The poem speaks of a reality that we all face. My address book needs to be replaced because there are so many crossed out entries. It's depressing to open it and see how many former friends have died.

The pragmatic headstone reads:

"Where you stand, once stood I.
Where I am so shall you be."

This reminds me of my aging mother's observation, "All we do anymore is go to funerals." And it is likely why I don't read the high school alumni magazine that a relative keeps sending me. I don't need to see familiar names and dates in the obituaries. I'm probably in denial, perhaps unhealthy, but so be it.

I like the abstractness of this, the floating motes that are so firmly tied to reality.

Most of my first cousins are dead now, but all five of my siblings are still living. It is a toss-up which of us will be the first to go.

Despite this awareness, we live interesting, joyful lives. The knowledge simply makes it all more precious.

I have lost so many very dear ones in the last few years--
still think of them and miss them. Still send them love and special thoughts.
Funerals are important so that we remember we are not here forever and to make the most of each day so that we will be missed too.

p.s. Lovely, moving and apt poem. Thank you Ronni for posing it.

This is a great post. It really makes you think about life and not taking it for granted.

two words - oh my!

This poem reminded me of a collection of poems by Edgar Lee Masters called "The Spoon River Anthology".

My Dad gave me a copy of this book as a teen ager and I still have that little book and often read it.

Below is just a sample. If you read just this first part I think you will be tempted to read the rest.

"The Hill"

Where are Elmer, Herman, Bert, Tom and Charley,
The weak of will, the strong of arm, the clown, the boozer, the fighter?
All, all are sleeping on the hill.
One passed in a fever,
One was burned in a mine,
One was killed in a brawl,
One died in a jail,
One fell from a bridge toiling for children and wife—
All, all are sleeping, sleeping, sleeping on the hill.

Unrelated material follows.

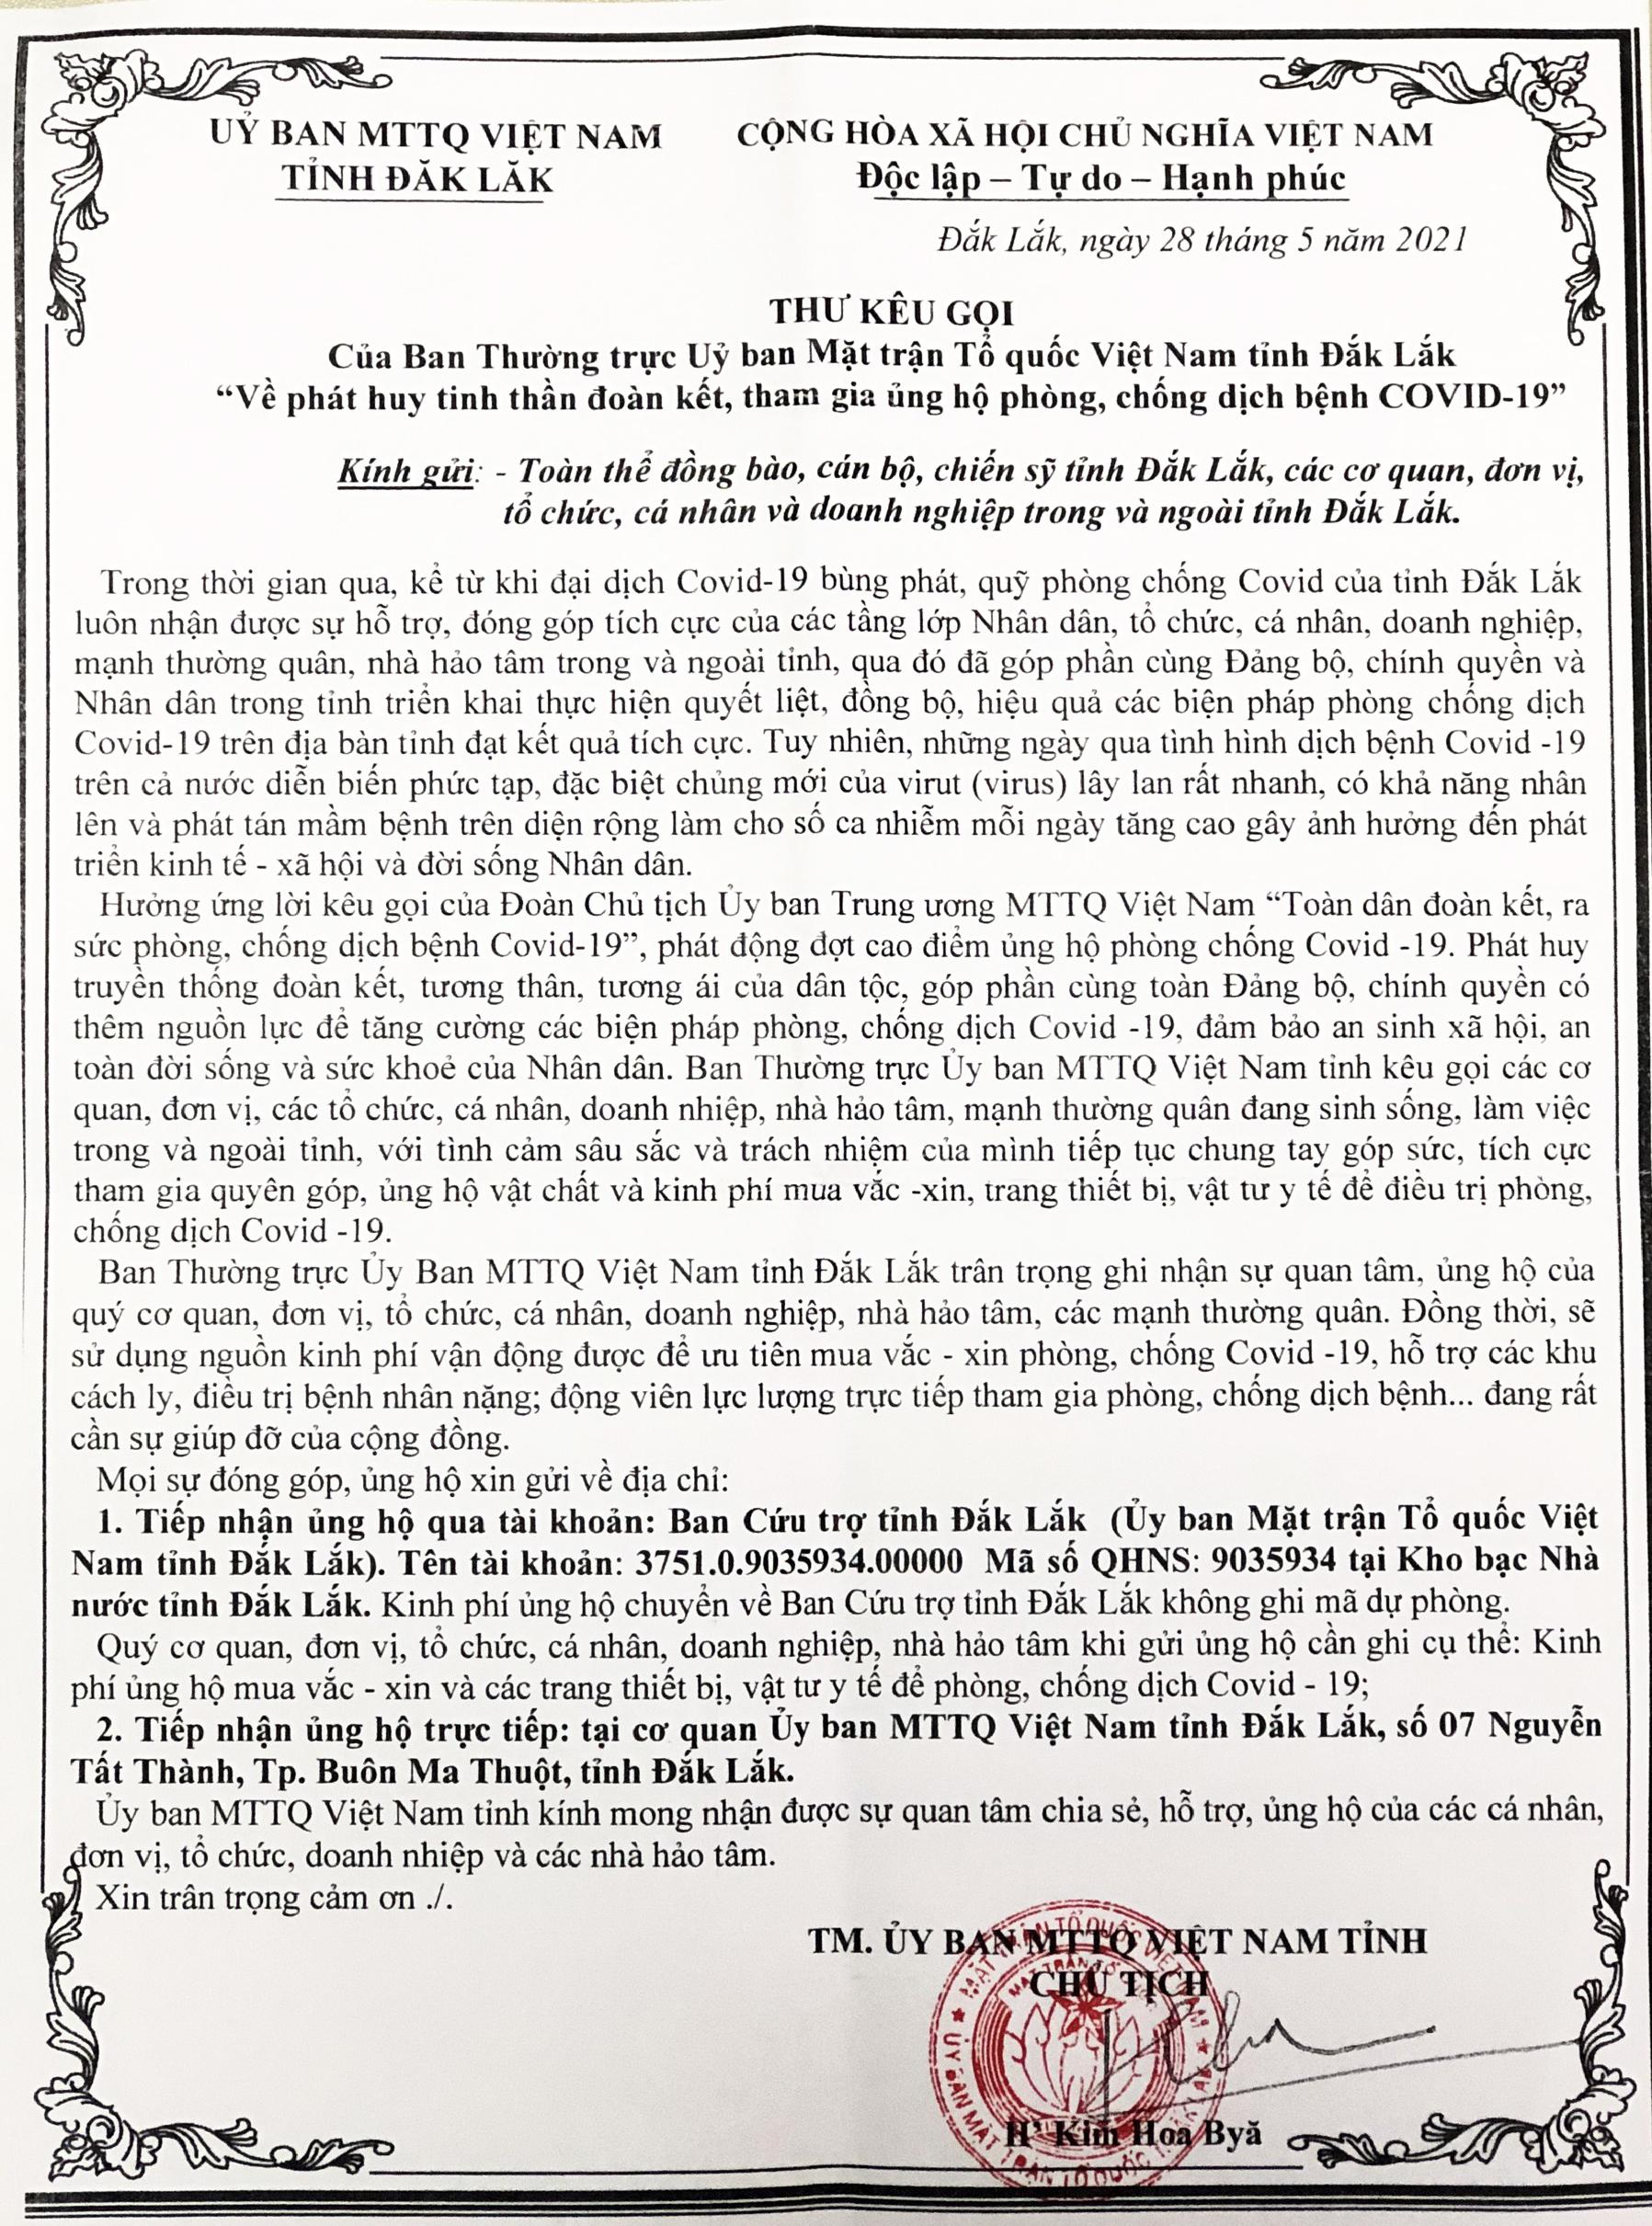 Ủy ban MTTQ Việt Nam tỉnh kêu gọi tham gia ủng hộ phòng, chống dịch COVID-19

I'd guess that Spoon River's "The Hill" gang all died before they reached old age, as most people did until a couple of generations ago. One doesn't associate death in a brawl or in jail as being an elder's usual exit strategy.

I don't spend a lot of time contemplating death, and being an elder I'm obviously no advocate of early demise. We humans think we've outsmarted Mother Nature when medical science "saves" a premature infant no bigger than my hand. And at the other end of life's spectrum when that same heroic medical technology repeatedly "saves" a bedridden 93 year old who has long since outlived everyone and everything she loved (and all her savings!). I wonder.. . are we so smart? Really?

Just stumbled on this. It's great. Thank you.